As the 8th work by a female artist in the collection, it went on a nationwide tour to schools, prisons, and hospitals so that many who would not normally be able to see art in person could do so.
It is closely linked with the ‘Self Portrait as a Lute Player’ (@thewadsworth) and the two may have been worked on around the same time, if not side by side.
There is still much to learn about this portrait. It started off as an ordinary self portrait of the artist donning a headscarf. Possibly for reasons of marketability, she adapted it to represent the 4th-century saint by giving her a crown, halo, palm frond, and broken spike wheel.

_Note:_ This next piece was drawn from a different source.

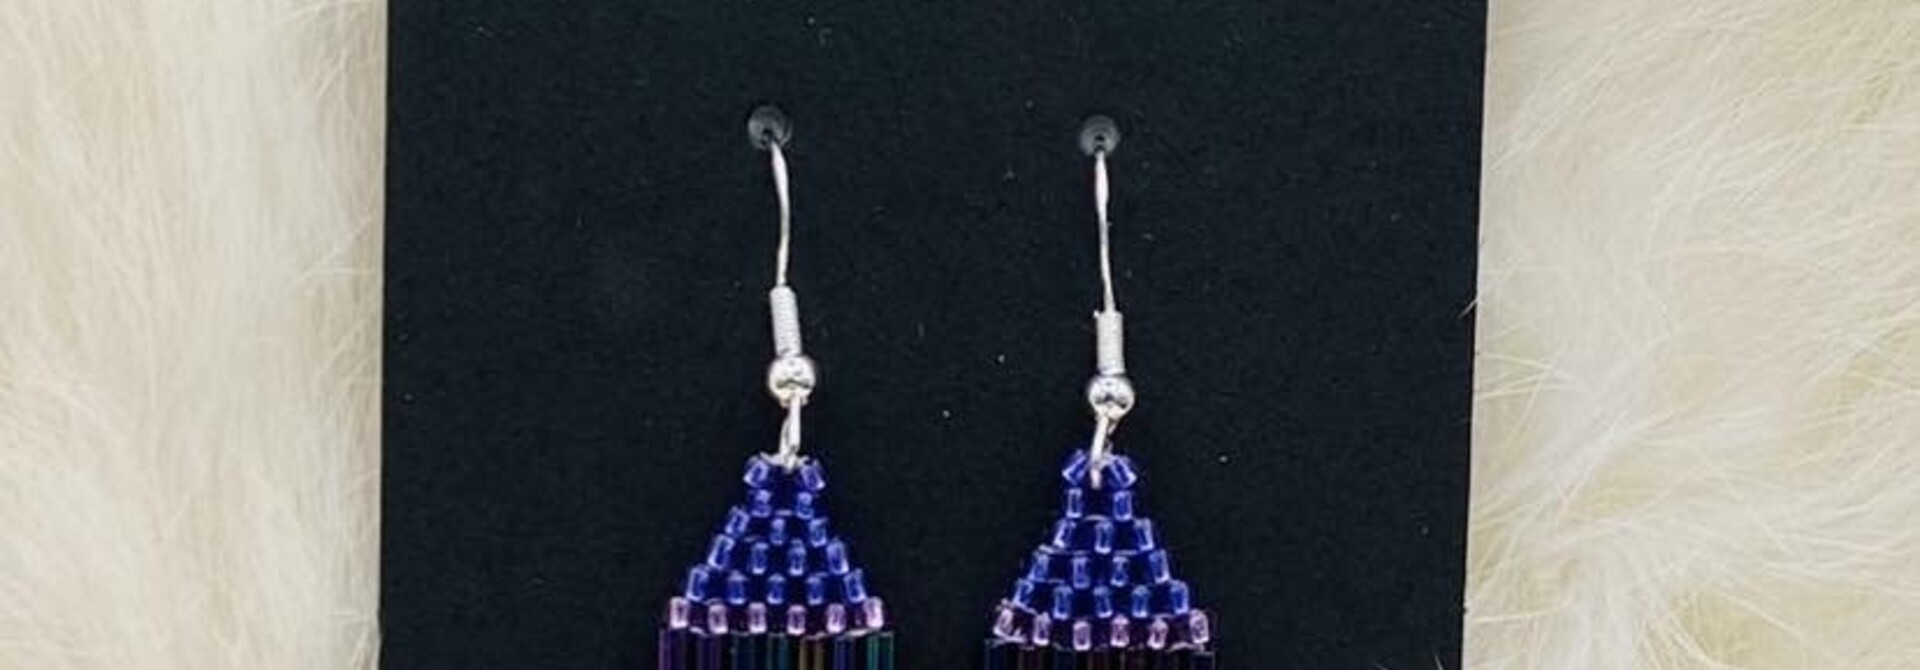 Beaded Earrings by Little Spark Cree-ations / Small - Purple

Saint Catherine of Alexandria (1615-17)
Also closely related to the ‘Self Portrait as Saint Catherine of Alexandria’ (@nationalgallery) is the @uffizigalleries ‘Saint Catherine of Alexandria’ (1615-17), which contains an underlying composition like the National Gallery painting and was modified afterwards.
The sitter’s appearance has been variously identified as either a self-portrait of Artemisia, a portrait of Maria Maddalena of Austria, or of Caterina de’ Medici. The latter is more likely because Saint Catherine was her namesake.
Self-portrait as the Allegory of Painting (1638-39)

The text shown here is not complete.